Bu yönüyle Sayın Bakan, değerli milletvekili arkadaşlarım; Cumhuriyet Halk Partisi Grubu olarak Plan ve Bütçe Komisyonumuza 1 önergemiz var, bu konuda katkınızı ve desteğinizi bekliyoruz. Amacı halka direkt hizmet etmek olan -yerel yönetimler olduğu için- bütün bu mali meselelerin Türkiye Büyük Millet Meclisinde geniş bir katılımla çözülmesi gerektiğine inanıyoruz. Özellikle 51 ilin bütünşehir olması noktasında Cumhuriyet Halk Partisi Grubu olarak her türlü katkıyı ve desteği vermeye hazırız. Çünkü 51 ilde yaşayan vatandaş Yaşar Tüzün'le yani ilde yaşayan vatandaş Yaşar Tüzün'le büyükşehirde yaşayan vatandaş Yaşar Tüzün arasında katılım payının ne kadar farklı olduğunu hepiniz biliyorsunuz.
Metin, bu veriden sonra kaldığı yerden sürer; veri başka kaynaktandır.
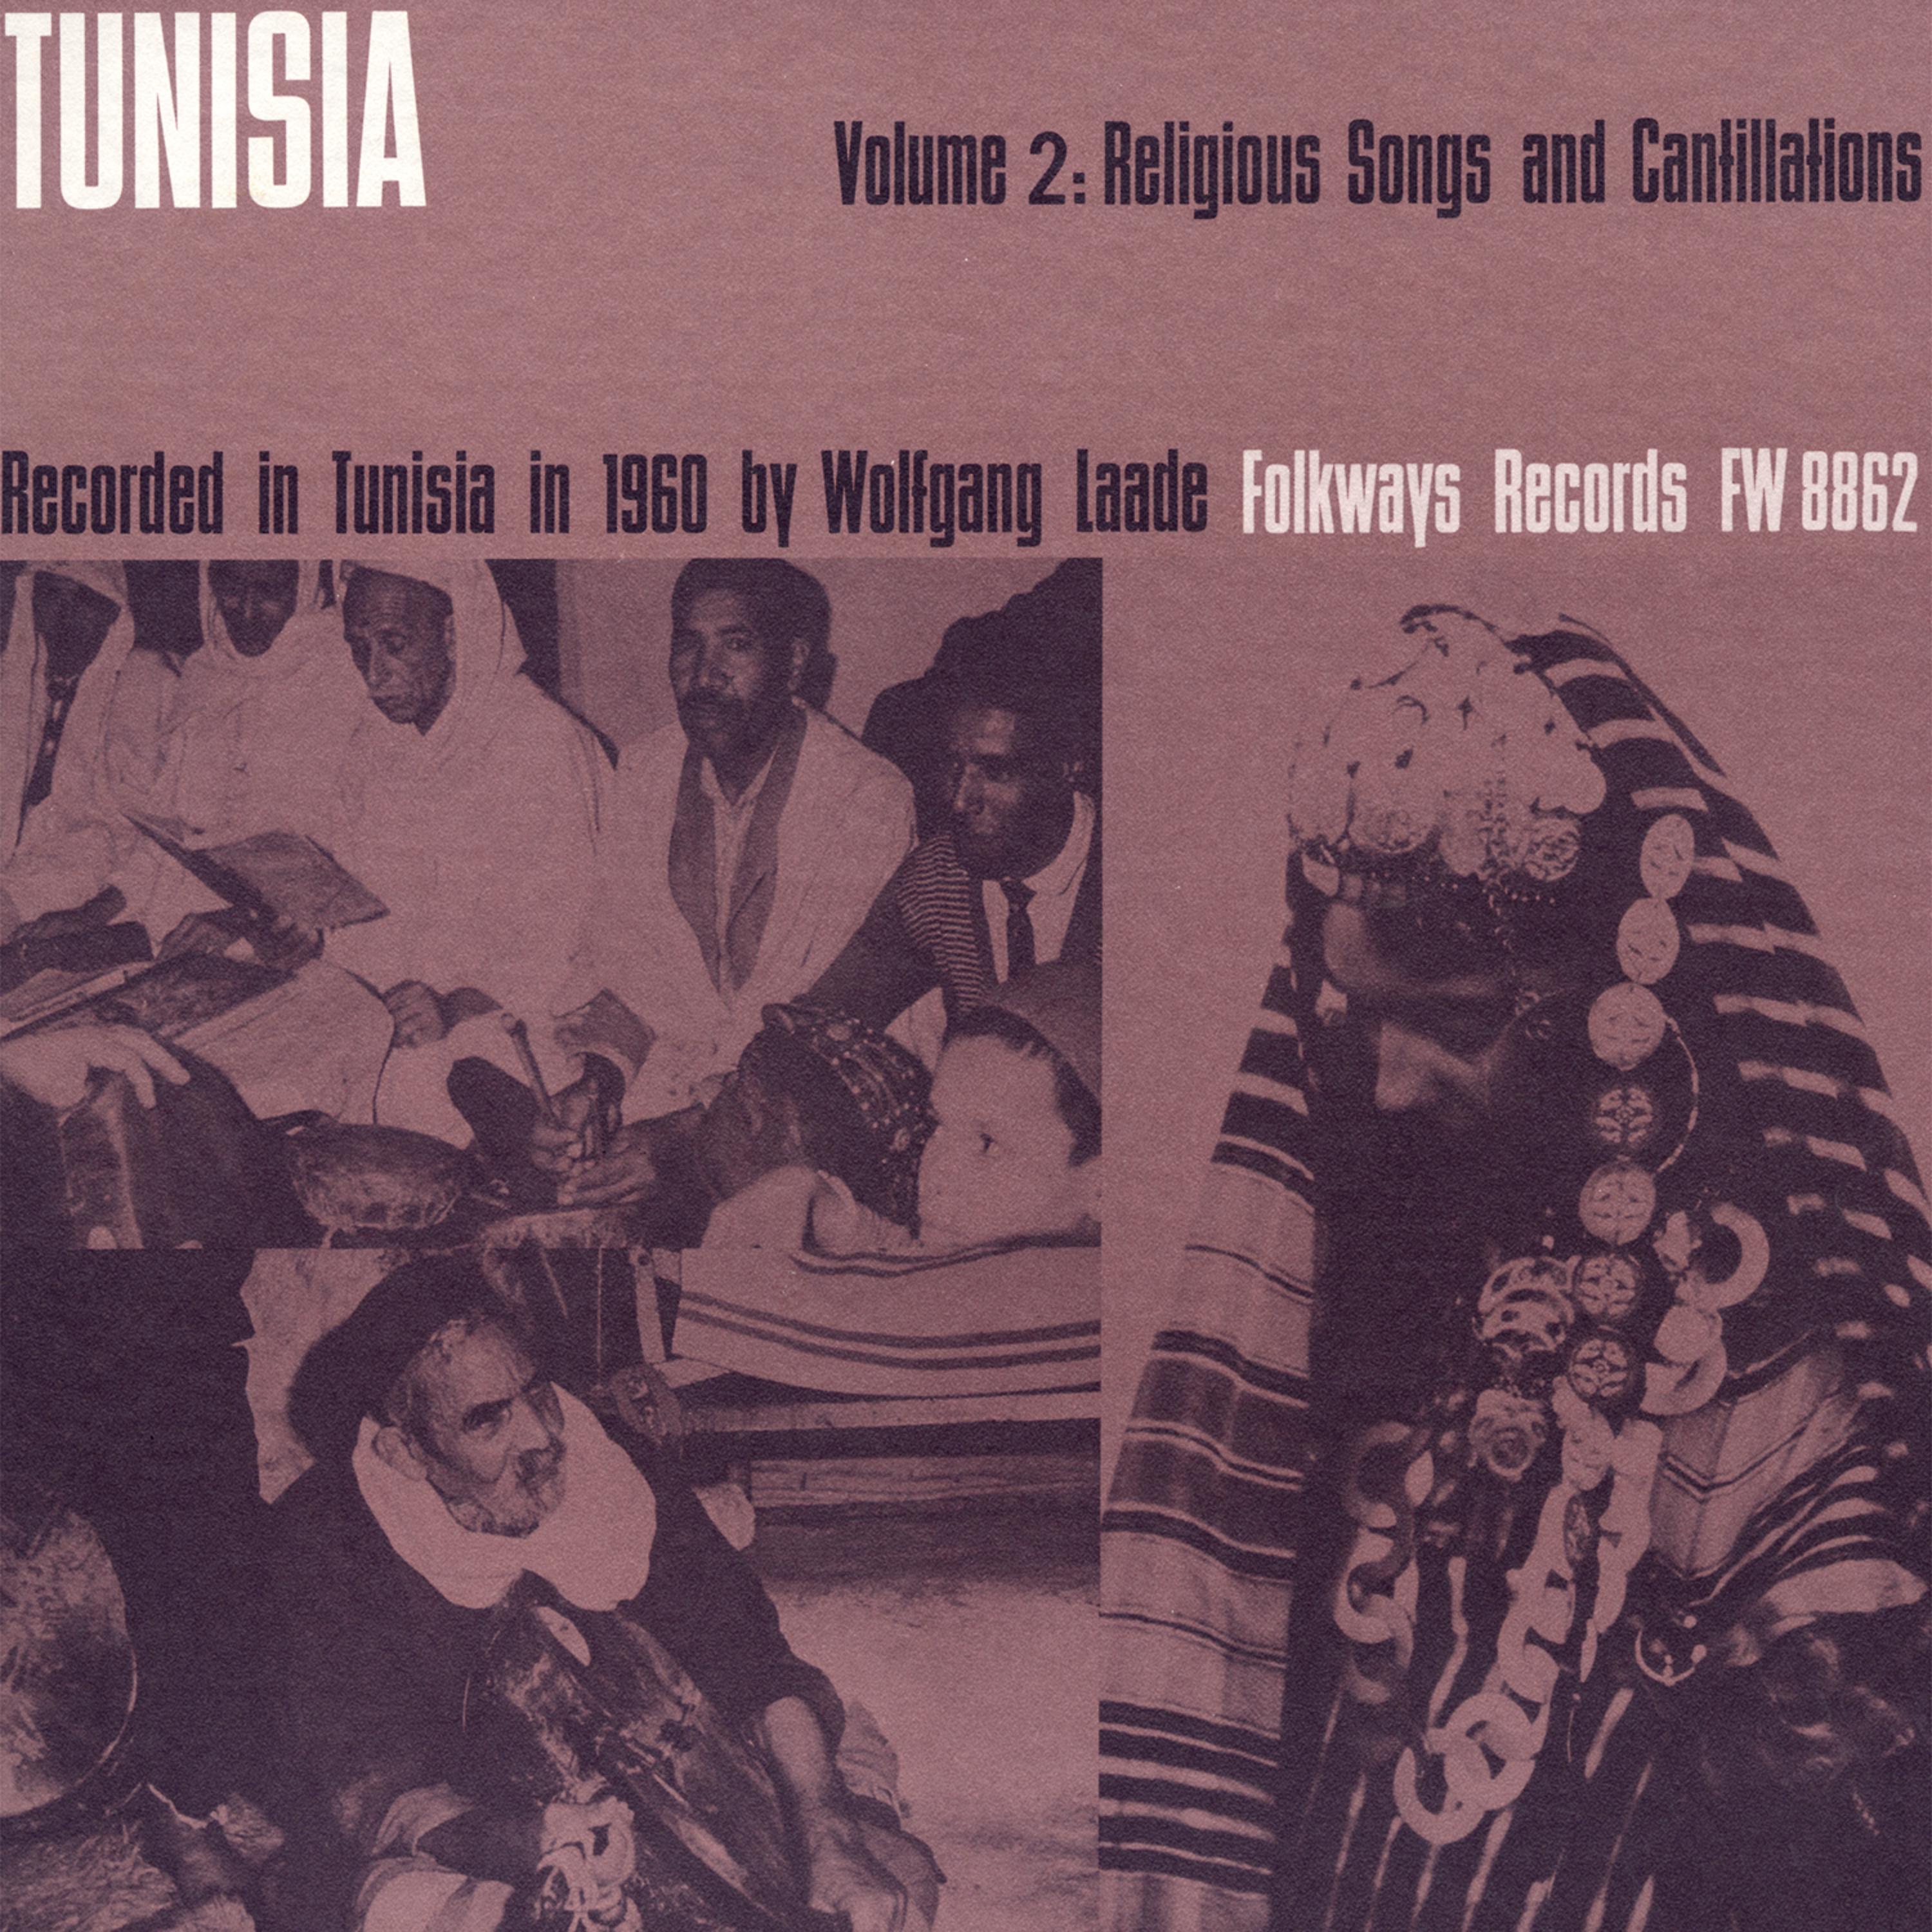 Постер альбома Tunisia, Vol. 2: Religious Songs and Cantillations from Tunisia

Dolayısıyla kamu düzeni bütünlüğü açısından 51 ilin de -bütünşehir kapsamında- bütünşehir olarak hayata geçmesi ve kamu düzeni bütünlüğü açısından önemli olduğunu ifade etmek istiyoruz.
Sayın Başkan, değerli milletvekilleri; elbette bunları yaparken -amaç- halk iradesine sahip çıkmak, halkın istediği, seçtiği belediye başkanlarına sahip çıkmak gerektiğini o halkın bizzat kendisi söylüyor ama siyasi irade, uygulamalarında bunu yerine getirmiyor. Gerçi ülkemizde -yaşanan- "halkın iradesi" cümlesinin de bir anlamı kalmadığını hepimiz biliyoruz. Halkın iradesiyle sandıkta kazanamadığınız belediye başkanlarını türlü oyunlarla ya içeri atıyorsunuz ya rozet takıyorsunuz. Rozet takma tiyatrolarına da "demokrasi şöleni" diyorsunuz. Bu, gerçekten bir ikiyüzlülüktür. Bu, gerçekten bir utanmazlıktır. Bayrampaşa'da, İstanbul Bayrampaşa ilçesinde sandıkta seçimi kaybettiniz, belediye meclisinde seçimi kaybettiniz, yetmedi, kurada seçimi kaybettiniz; sandıklarda kaybettiğiniz seçimleri ayak oyunlarıyla geri aldınız. Gerçekten bu ne yüzsüzlüktür demeden geçemeyeceğim. Ülkeyi kötü yönettiniz, ekonomiyi batırdınız. Şimdi ise CHP'li belediyelere haksız hukuksuz operasyonlar yaparak koltuklarınızda rahat oturmaya mı çalışıyorsunuz? Evet, gerçekten belediyelerimize darbe yapıyorsunuz, seçmenlerimize darbe yapıyorsunuz. Uygulamalarda maalesef itiraf etmem gerekir ki Kenan Evren'i bile geçtiniz.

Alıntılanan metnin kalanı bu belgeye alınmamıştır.